The term “break your heart” that your father used could mean different things. Please clarify what he meant. Did he mean your heart would be broken by that Commando, any Commando, any Norton, any British bike, or any high-performance motorcycle? Did he suggest that you buy a different brand and model of motorcycle and were his bikes used as primary vehicles?

About your Commando. Why must you have “mechanical experience” or your “own workshop” to drive a Commando? Are there no motorcycle repair places in England that are competent to service a Norton? We still have them in Canada and any owner can choose to have all the work done there if that is what they want.
He meant that it and other British bikes of the early 70s would have been too demanding for me because I didn't have the know-how to maintain it after having started out on bikes a year or two beforehand. Yes, my Dad had bikes as his primary transport, but it was before WW2 and he was living in London. Totally different scene.

England had plenty of repair places but I live in Ireland, although I was at school In England for a while. Sorry if my account was confusing. There were no Norton dealers in Ireland at that time and any genuine spares had to come from England. Dealers didn't want to know about British bikes and almost everyone rode Japanese.

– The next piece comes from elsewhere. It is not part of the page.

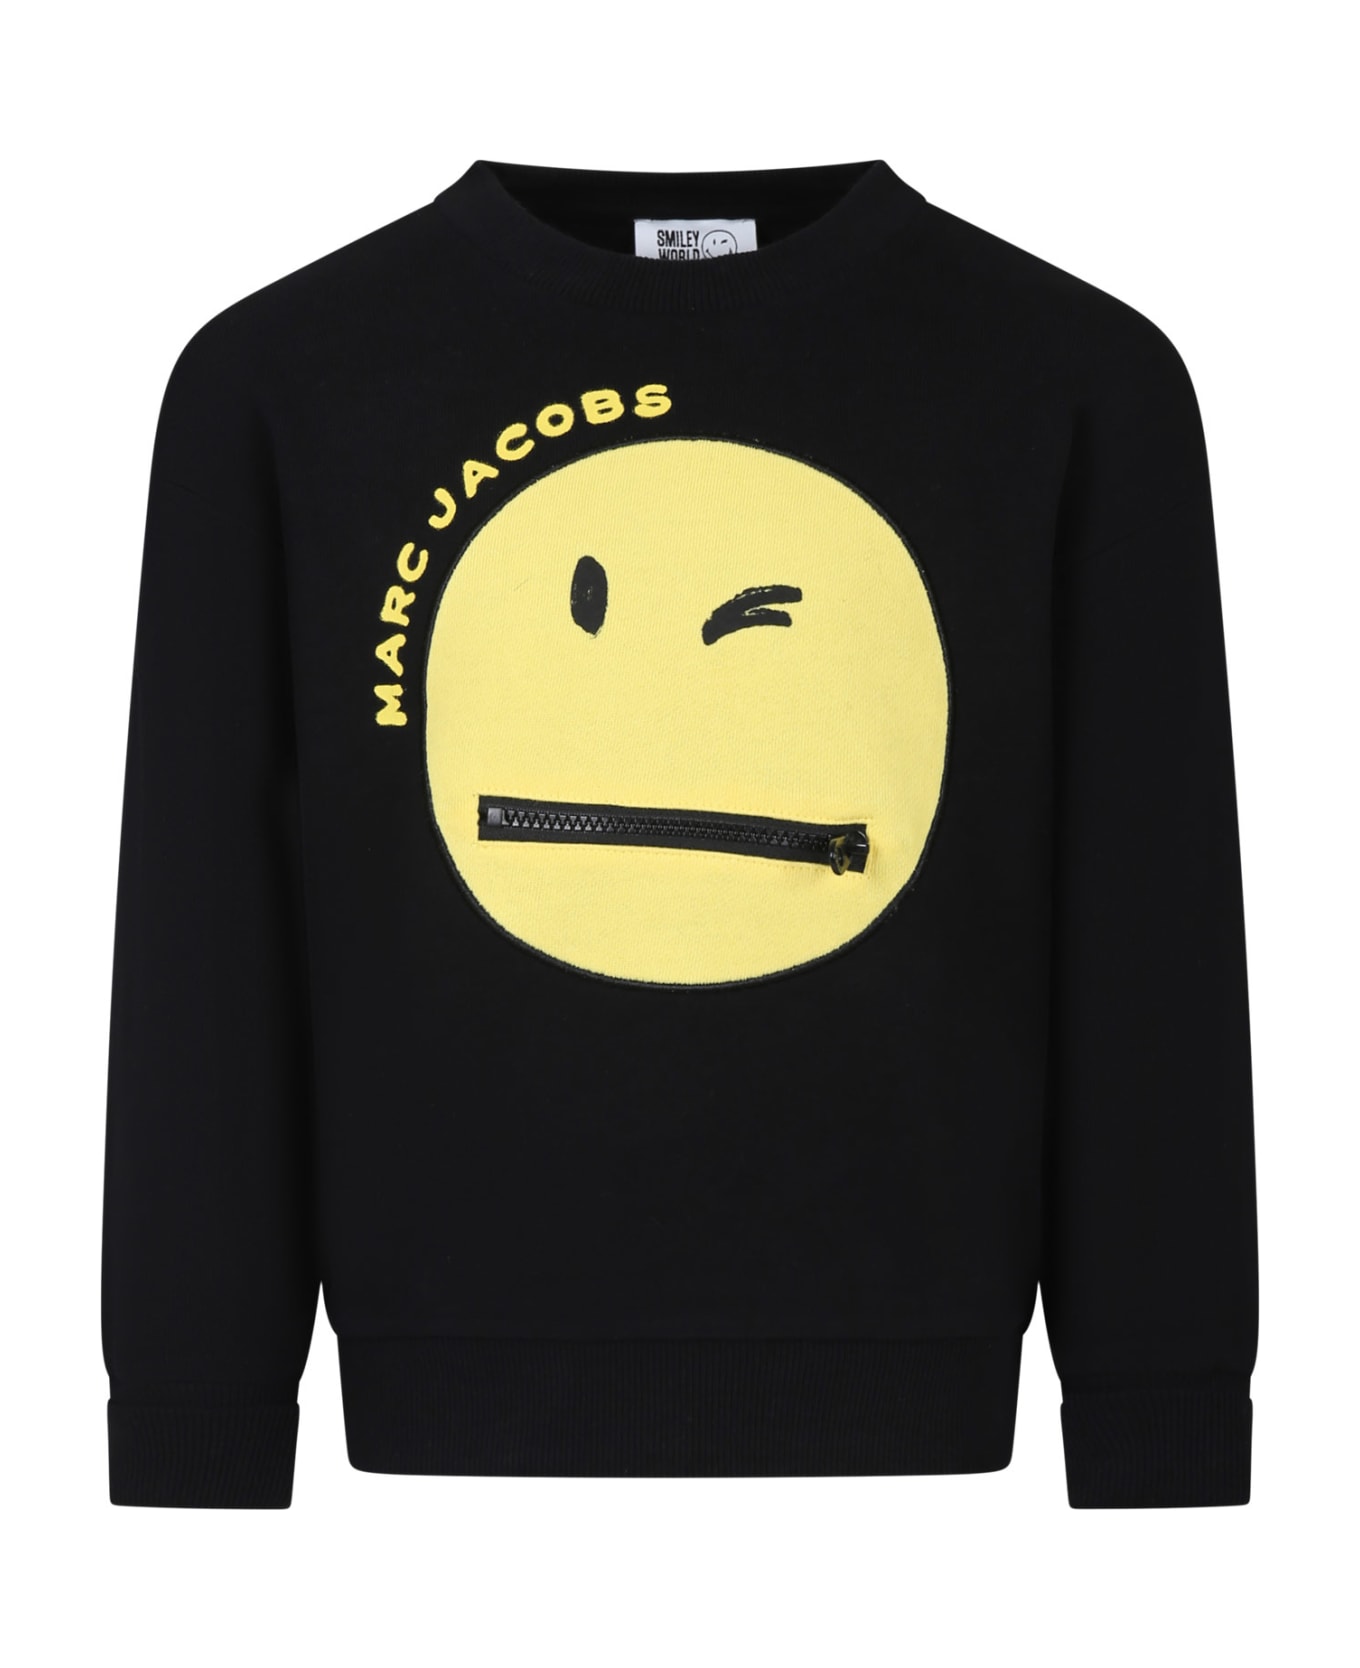 Marc Jacobs Black Sweatshirt For Kids With Smiley And Logo - Black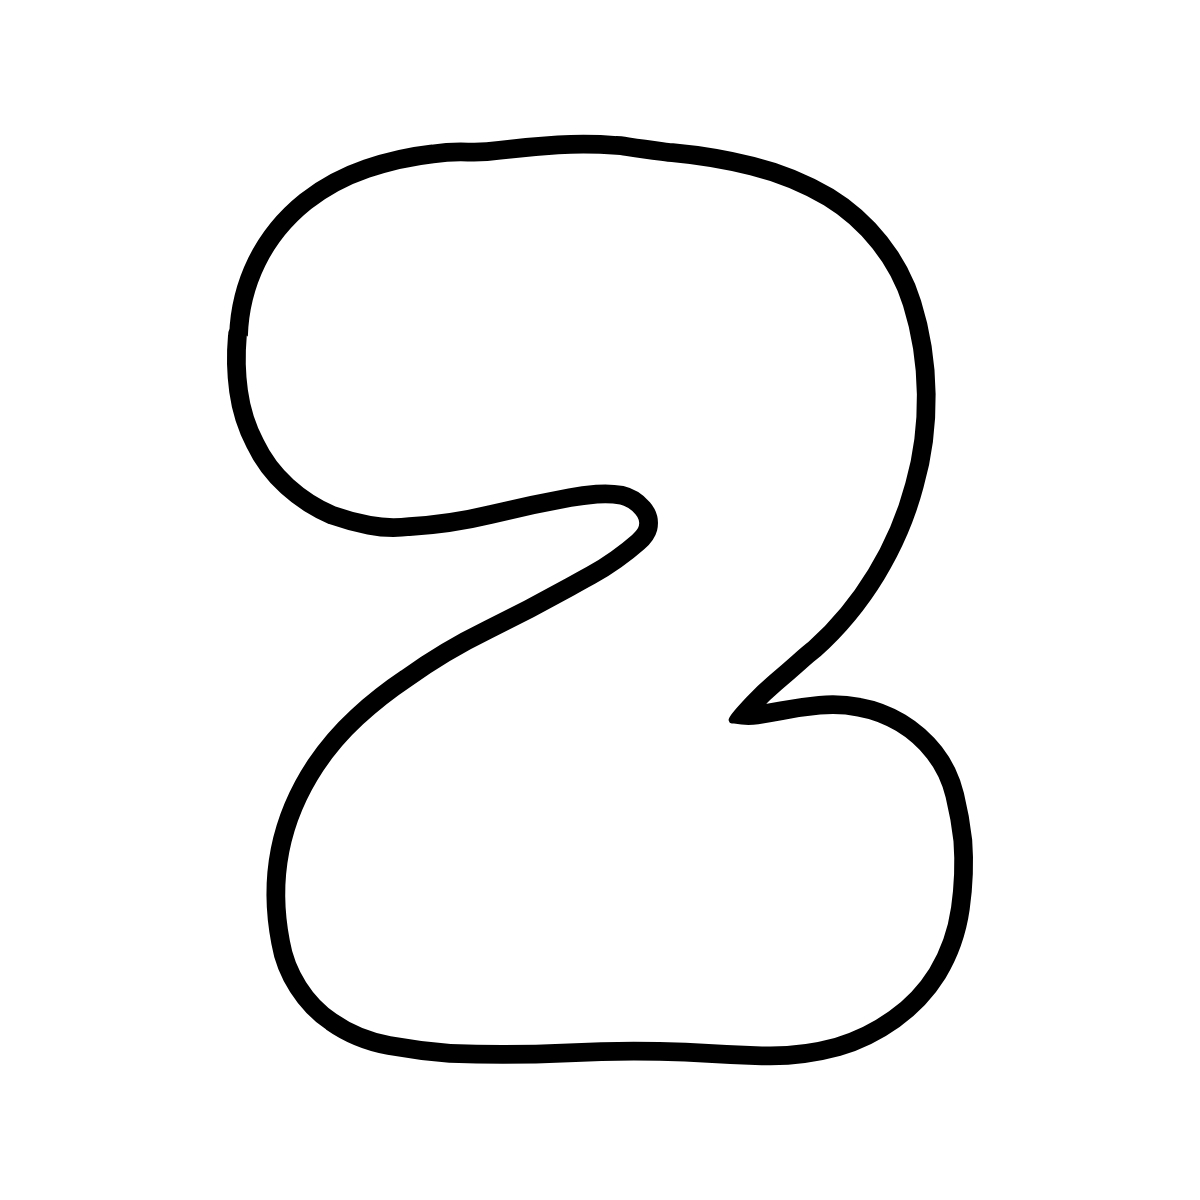 the number 2 in bubble letters

You don't have to have mechanical experience or your own workshop to ride a Commando, but it sure helps! Just look at the posts on this forum. I have a friend with several classic bikes and he is unable to do some of the work himself, in which case the bike stays in the shed until one of us has the time to sort it; it could be months. The few bike shops that could service a Commando or any other British classic don't want to and there is no-one outside that small circle that I would trust. If you want to keep these machines on the road over here, you try to be as self-sufficient as possible.
If thats the case there seems to be a good opportunity for someone to open a shop specialising in Brit bikes over there?